Families of means attain a social standing above that of their less fortunate townsmen, but there is no sharp stratification of the community into noble and serf, such as was coming into vogue along many parts of the coast at the time of the Spanish conquest, neither has slavery ever gained a foothold with this people. The wealthy often loan rice to the poor, and exact usury of about fifty per cent. Payment is made in service during the period of planting and harvesting, so that the labor problem is, to a large extent, solved for the land-holders. However, they customarily join the workers in the fields and take their share in all kinds of labor.
The concubines, known as pota (cf. p. 283), are deprived of certain rights, and they are held somewhat in contempt by the other women, but they are in no sense slaves. They may possess property, and their children may become leaders in Tinguian society.
The only group which is sharply separated from the mass is composed of the mediums, and they are distinctive only during the ceremonial periods. At other times they are treated in all respects as other members of the community.
On three occasions the writer has found men dressing like women, doing women’s work, and spending their time with members of that sex. Information concerning these individuals has always come by accident, the people seeming to be exceedingly reticent to talk about them. In Plate XXXVI is shown a man in woman’s dress, who has become an expert potter. The explanation given for the disavowal of his sex is that he donned women’s clothes during the Spanish regime to escape road work, and has since then retained their garb. Equally unsatisfactory and unlikely reasons were advanced for the other cases mentioned.
It should be noted that similar individuals have been described from Zambales, Panay, from the Subanun of Mindanao, and from Borneo. [169] It has been suggested, with considerable probability, that at least a part of these are hermaphrodites, but in Borneo, where they act as priests, Roth states that they are unsexed before assuming their roles.

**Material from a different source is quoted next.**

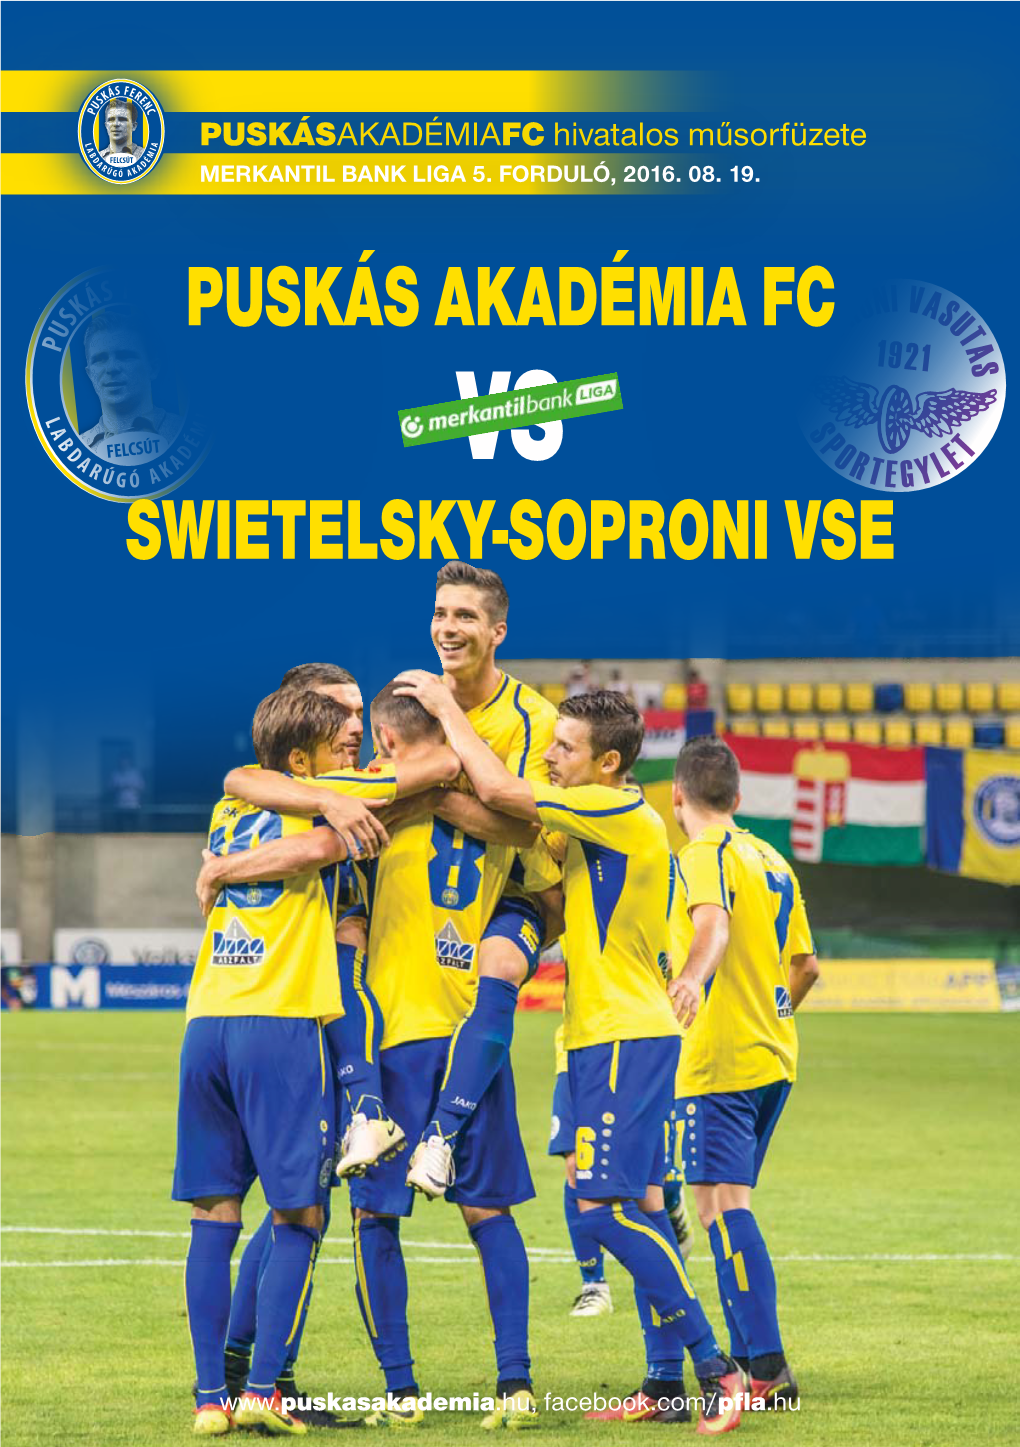 PUSKÁS Akadémia FC Swietelsky-Soproni

Laws.—Law, government, and custom are synonymous. Whatever the ancestors did is right, and hence has religious sanction. The lakay and his advisors will give their decisions according to the decrees of the past, if that is possible, but when precedent is lacking, they will deliberate and decide on a course. The following may be taken as typical of the laws or customs which regulate the actions of the people, within a group, toward one another.
Rules governing the family.—A man may have only one wife, but he may keep concubines. If the wife’s relatives suspect that a mistress is causing the husband’s affections to wane, they may hold the Nagkakalonan or “trial of affection” (cf. p. 282), and if their charges are sustained, the husband must pay them a considerable amount, and, in addition, stand all the expenses of the gathering. If it is shown that they are not justified in their suspicions, the expense falls on the accusers.